4.1 Kaufman Hall may, in its sole discretion, provide updates to the Product(s) from time to time that incorporate generally applicable federal and/or state changes and any other content changes, as required. Any such update(s) to the Product(s) will be made available to Client on the terms set forth herein so long as Client is then current with respect to fee(s) in the applicable Engagement Agreement. If requested by Licensee, subject to the agreement of Licensor and the payment of additional fees set forth in a Statement of Work or other binding writing between the parties, non-standard features, add-ons, customizations and enhancements (e.g., single sign-on, custom branding, reports, dashboards or interfaces, stand-alone environment) may be incorporated into the Product(s) by Licensor.

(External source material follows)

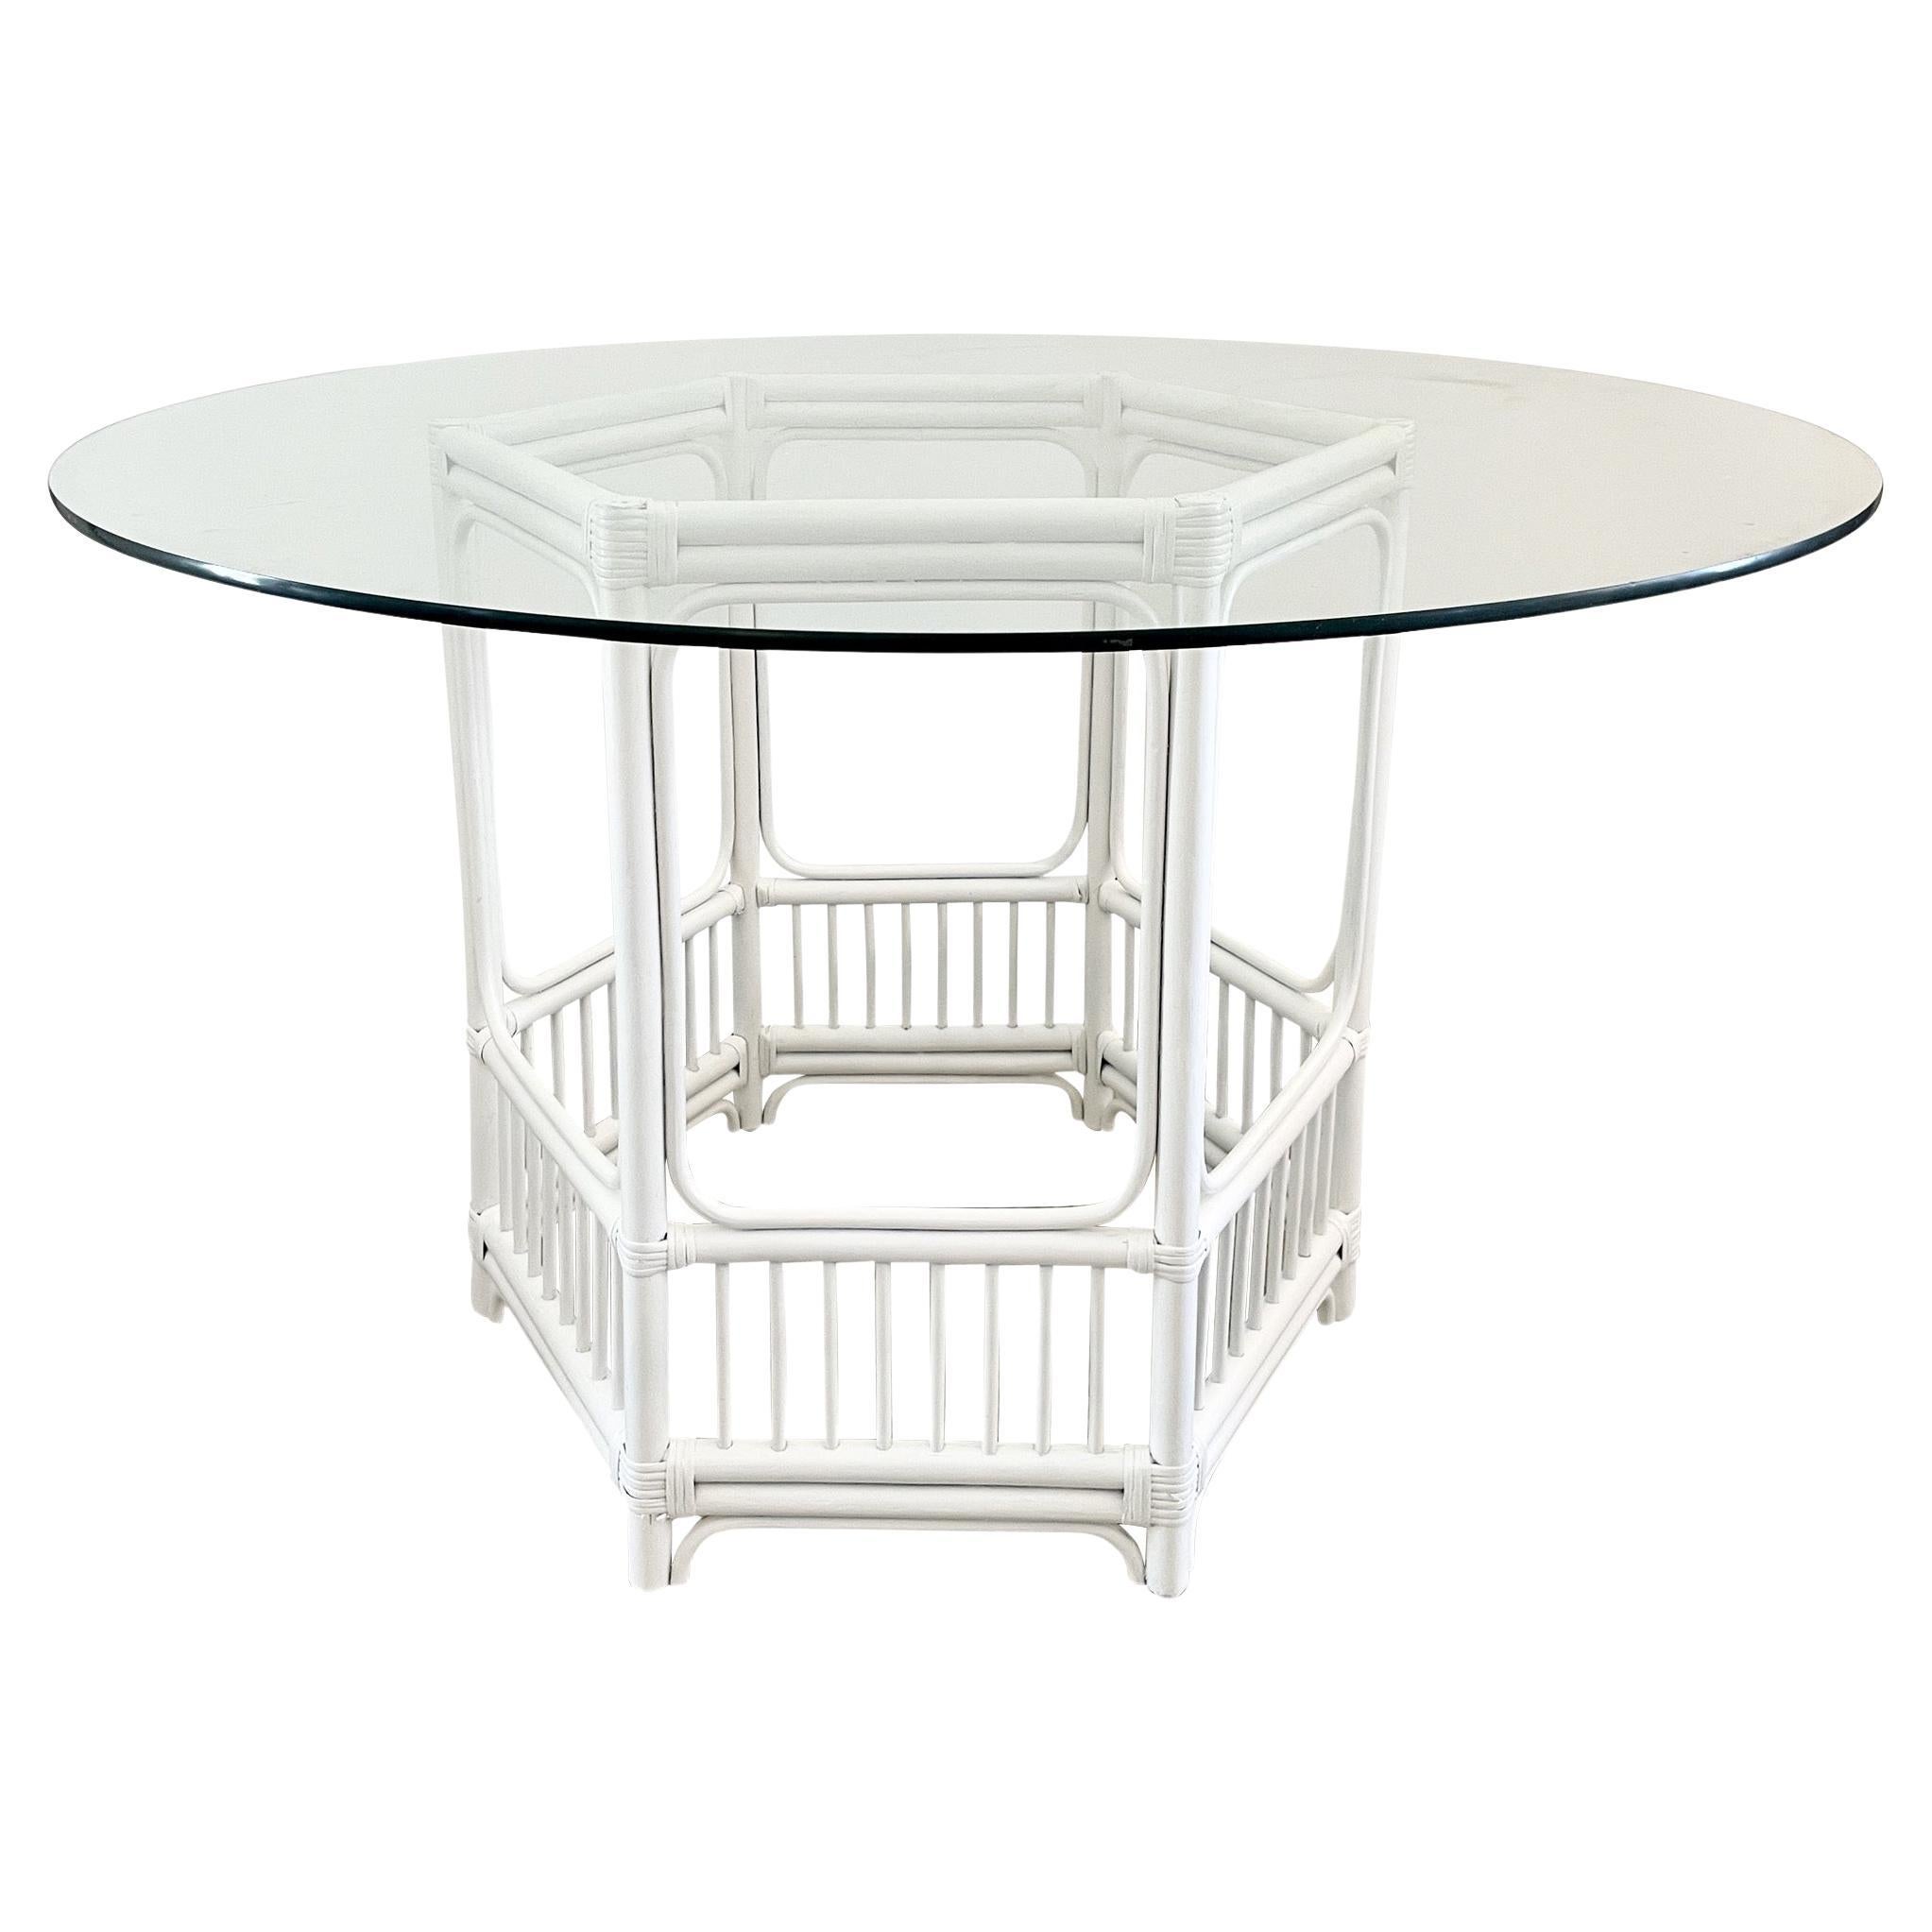 Ficks Reed Rattan Dining Table Base with Glass Top

In such event, except as otherwise provided herein, Licensor will grant Licensee a license to these enhancements or modifications during the duration of this Agreement.
5. LIMITED WARRANTY.
5.1 Kaufman Hall warrants that for so long as these Terms remain in effect that the Product(s) will materially conform to the documentation provided by Kaufman Hall, including for example, user guides and technical documentation as modified from time to time.

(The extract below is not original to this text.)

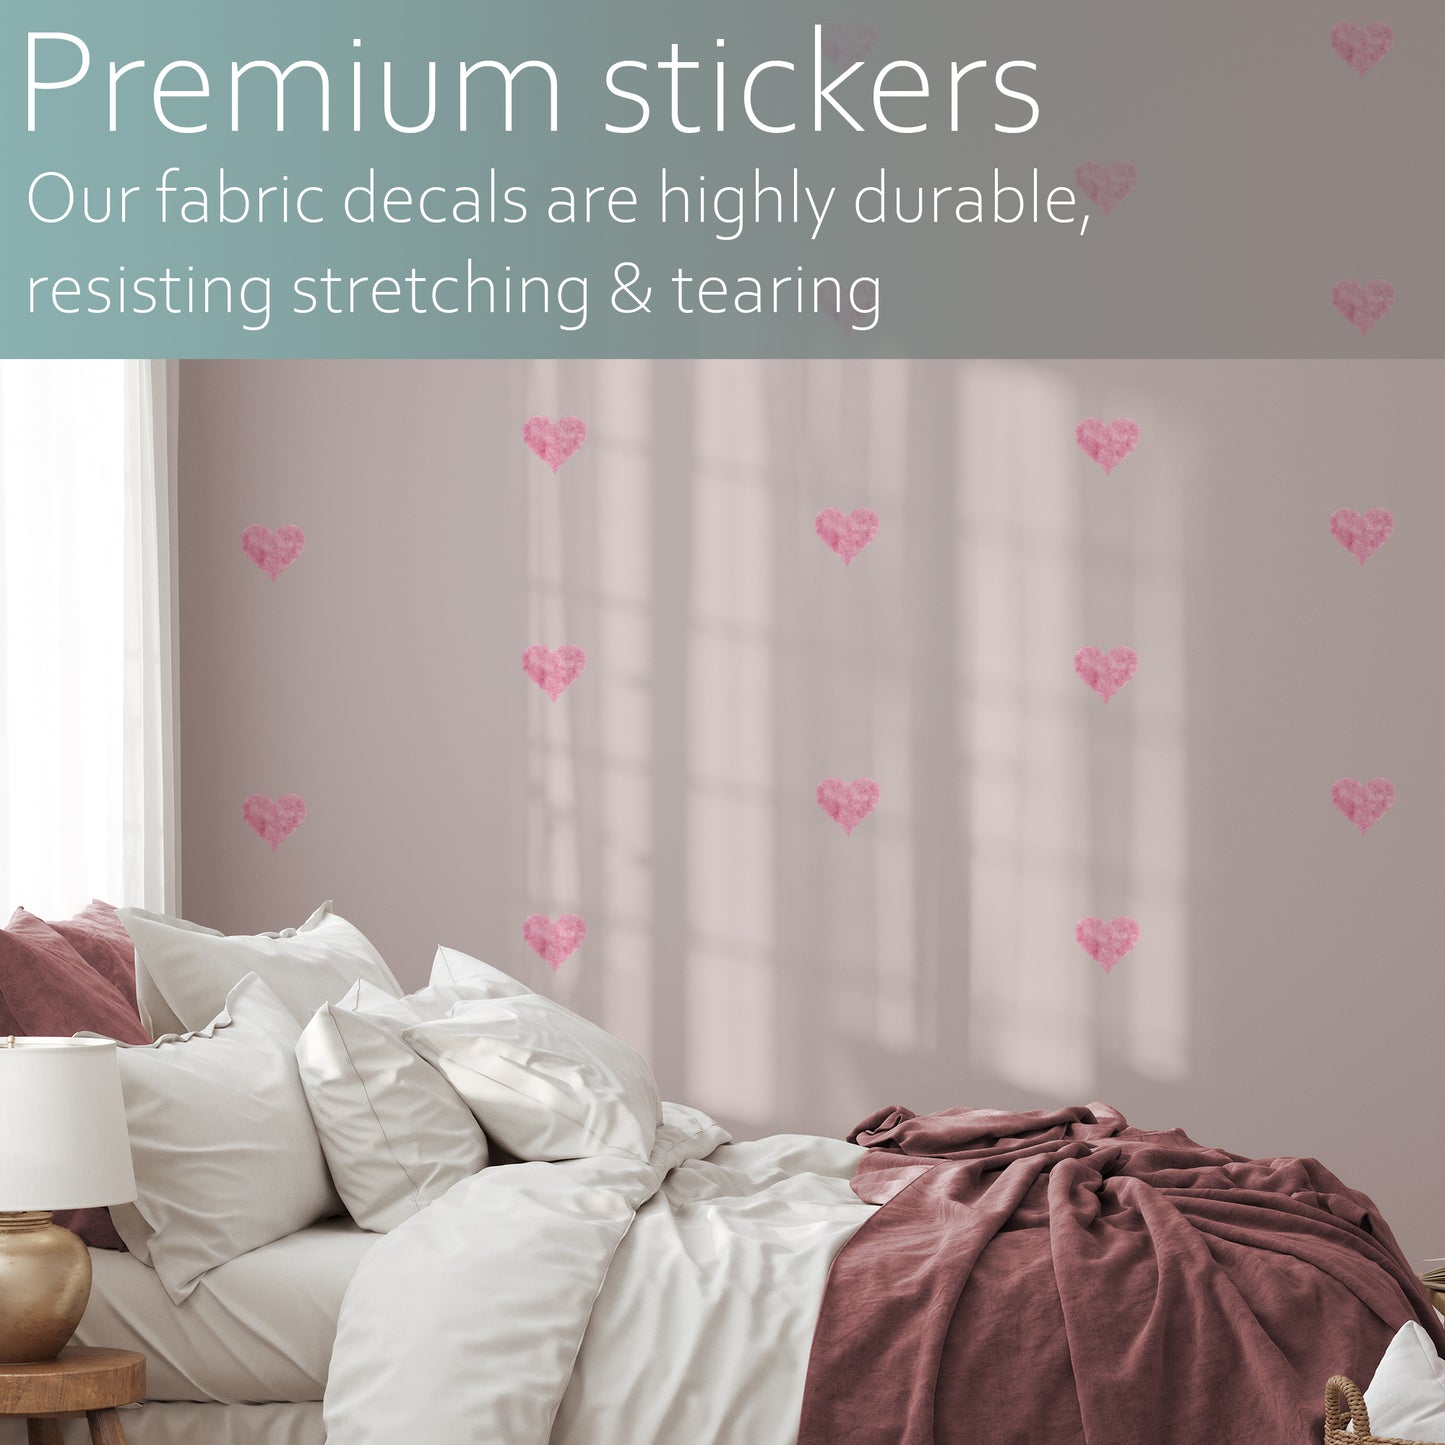 Watercolour pink hearts | Fabric wall stickers

5.2 EXCEPT FOR THE LIMITED WARRANTY DESCRIBED ABOVE, THERE ARE NO WARRANTIES BY KAUFMAN HALL TO CLIENT OR ANY OTHER PERSON OR ENTITY FOR THE PRODUCT(S), THE RELATED MATERIALS, EXPRESS OR IMPLIED, INCLUDING BUT NOT LIMITED TO, THE IMPLIED WARRANTIES OF MERCHANTABILITY AND FITNESS FOR A PARTICULAR PURPOSE OR OTHER OBLIGATIONS ARISING FROM COURSE OF PERFORMANCE, COURSE OF DEALING OR USAGE OF TRADE; ALL SUCH WARRANTIES ARE EXPRESSLY AND SPECIFICALLY DISCLAIMED. KAUFMAN HALL EXPRESSLY DISCLAIMS ANY REPRESENTATIONS OR WARRANTIES THAT CLIENT’S USE OF THE PRODUCT(S) WILL SATISFY ANY STATUTORY OR REGULATORY OBLIGATIONS, OR WILL ASSIST WITH, GUARANTEE OR OTHERWISE ENSURE COMPLIANCE WITH ANY APPLICABLE LAWS OR REGULATIONS, INCLUDING BUT NOT LIMITED TO HIPAA, THE GRAMM-LEACH-BLILEY ACT OF 1999, THE SARBANES-OXLEY ACT OF 2002, OR OTHER FEDERAL OR STATE STATUTES OR REGULATIONS. KAUFMAN HALL DOES NOT WARRANT THAT THE PRODUCT(S) WILL BE ERROR OR BUG FREE OR FREE FROM VIRUSES OR OTHER MALICIOUS CODE, WILL PERFORM IN AN UNINTERRUPTED MANNER, OR WILL MEET THE CLIENT’S REQUIREMENTS. KAUFMAN HALL IS NOT RESPONSIBLE FOR ANY DELAYS, DELIVERY FAILURES, OR ANY OTHER LOSS OR DAMAGE RESULTING FROM THE TRANSFER OF DATA OVER COMMUNICATIONS NETWORKS AND FACILITIES, INCLUDING THE INTERNET, AND CLIENT ACKNOWLEDGES THAT THE PRODUCT(S) MAY BE SUBJECT TO LIMITATIONS, DELAYS AND OTHER PROBLEMS INHERENT IN THE USE OF SUCH COMMUNICATIONS FACILITIES.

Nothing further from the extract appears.